* [Exercise inputs]
######
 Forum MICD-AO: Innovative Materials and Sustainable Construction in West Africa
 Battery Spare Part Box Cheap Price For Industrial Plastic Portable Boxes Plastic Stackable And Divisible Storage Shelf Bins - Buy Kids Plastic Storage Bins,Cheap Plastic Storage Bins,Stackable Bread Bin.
######
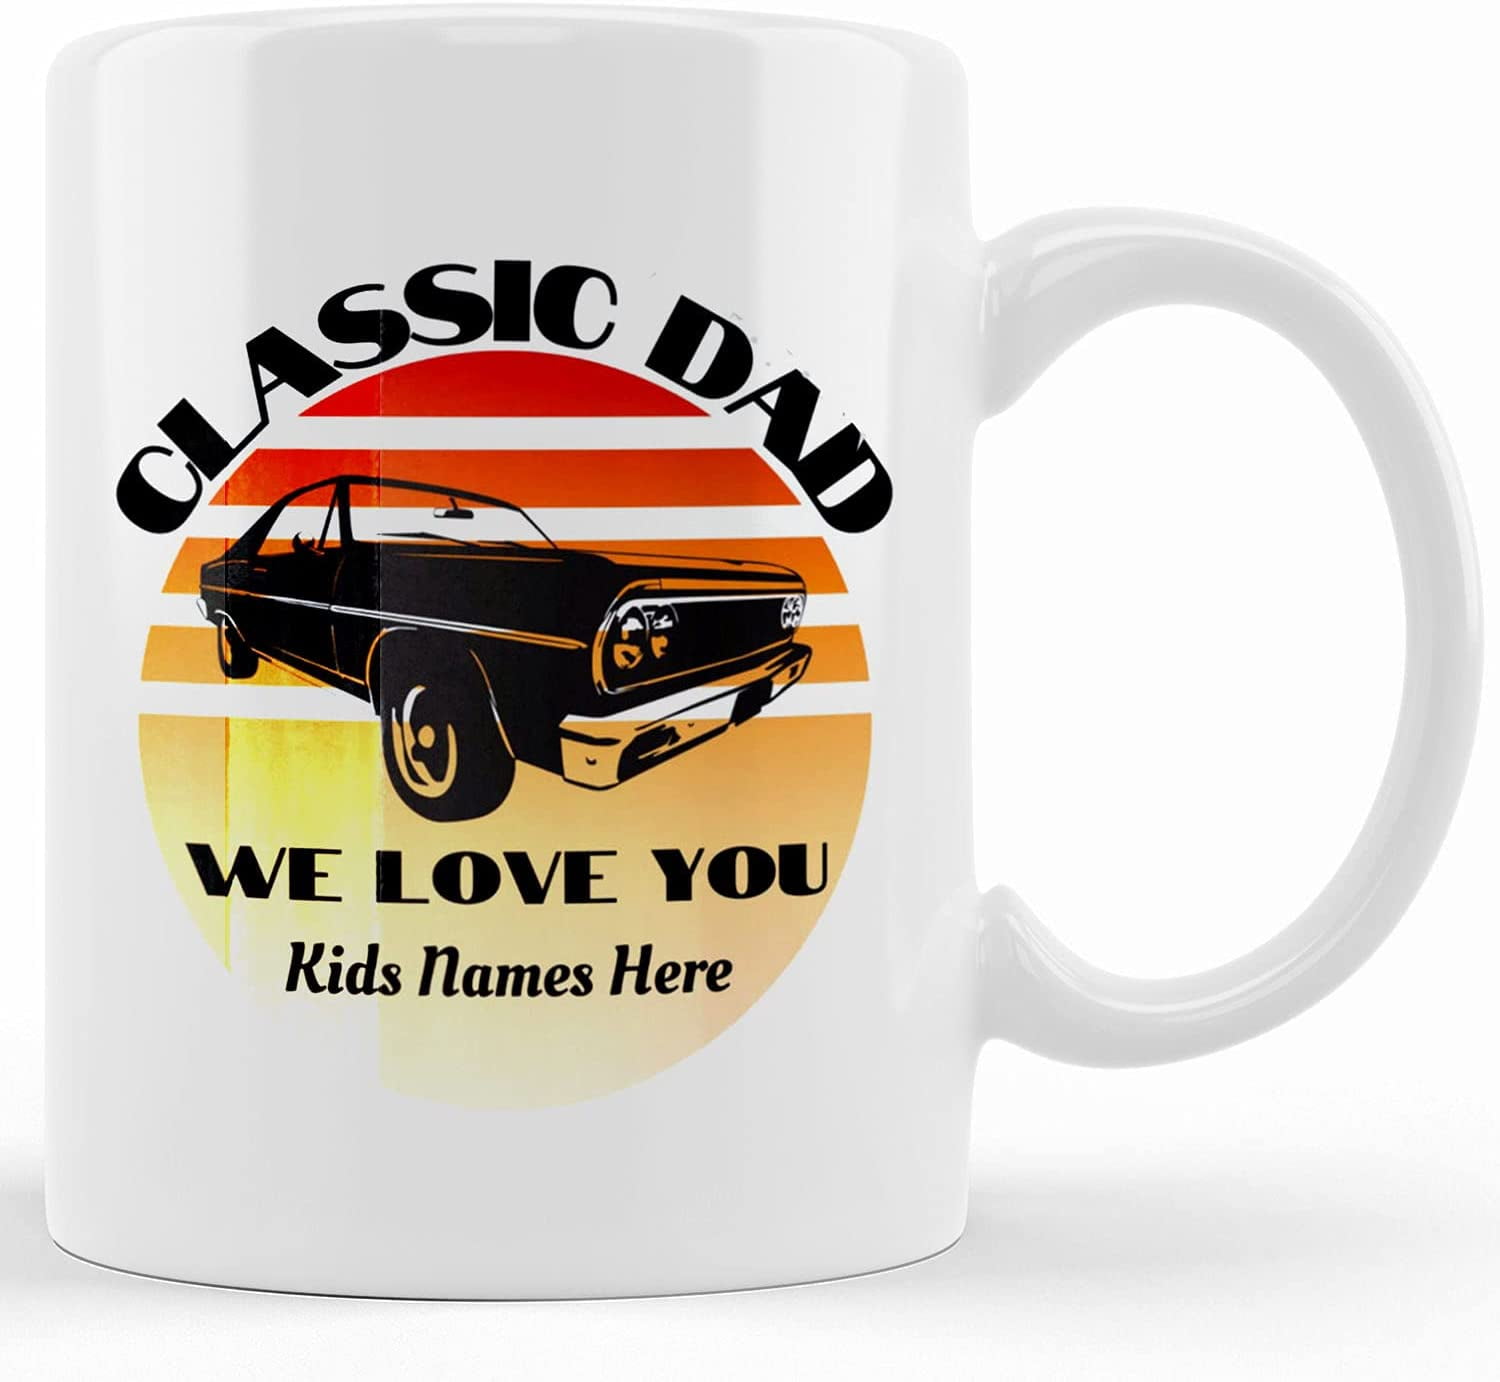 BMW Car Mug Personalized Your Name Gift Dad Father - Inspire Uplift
######
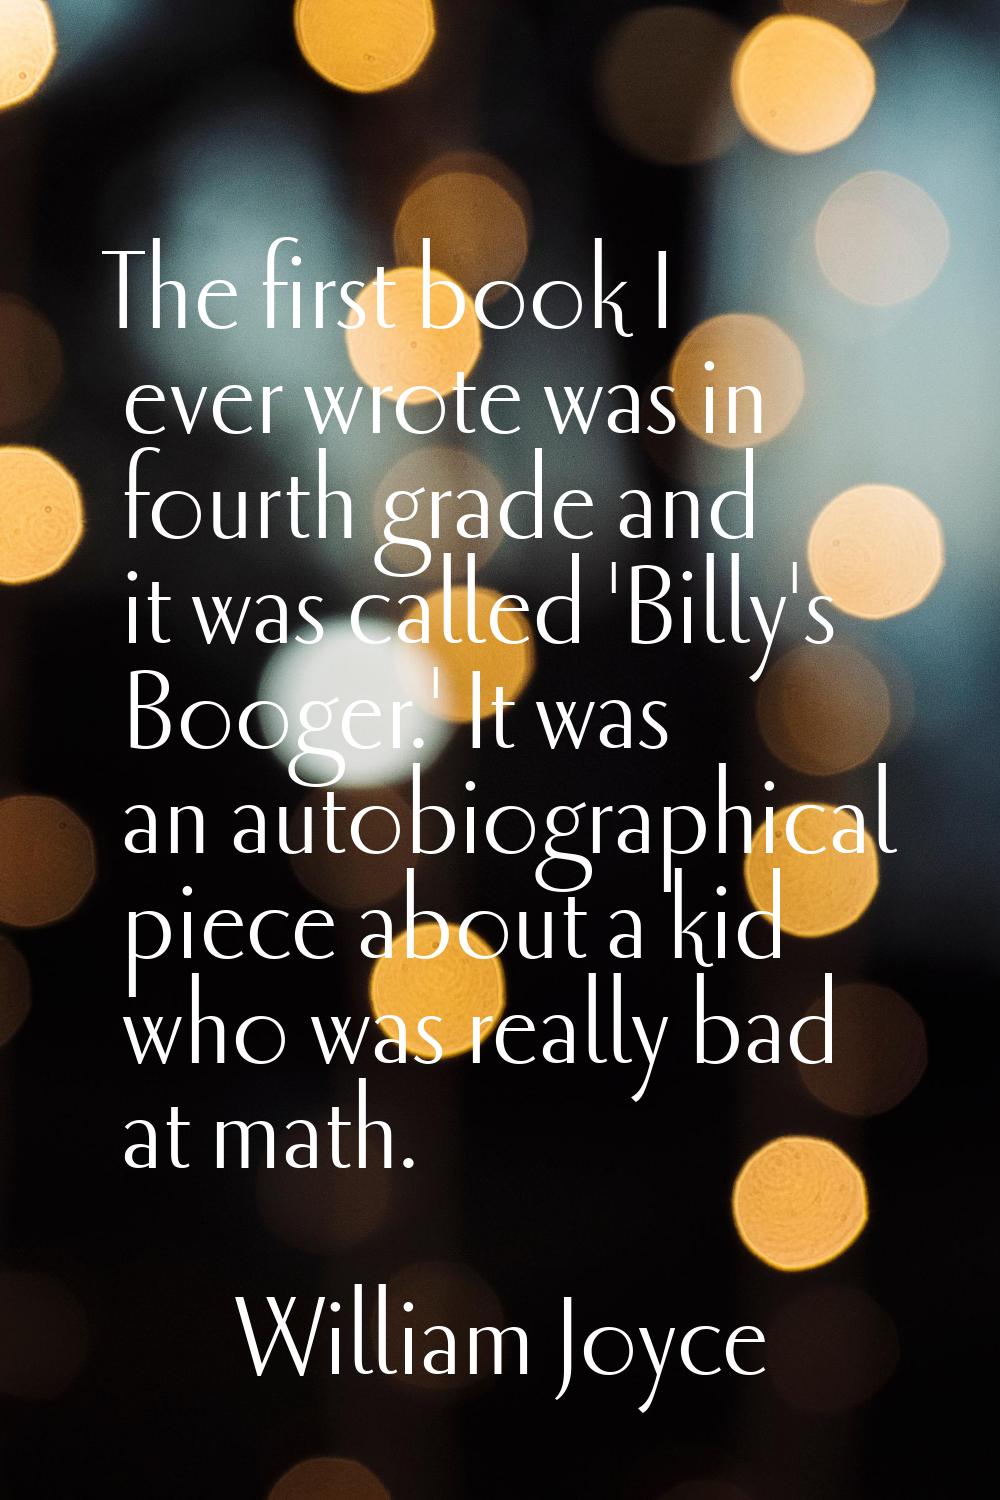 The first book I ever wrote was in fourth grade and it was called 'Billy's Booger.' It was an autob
######
* [To do] From the data above, output only the lines between the line containing "Forum MICD-AO: Innovative" and the line containing "Battery Spare Part", inclusive, exactly as written.

* [Solution for this problem]
 Forum MICD-AO: Innovative Materials and Sustainable Construction in West Africa
 Battery Spare Part Box Cheap Price For Industrial Plastic Portable Boxes Plastic Stackable And Divisible Storage Shelf Bins - Buy Kids Plastic Storage Bins,Cheap Plastic Storage Bins,Stackable Bread Bin.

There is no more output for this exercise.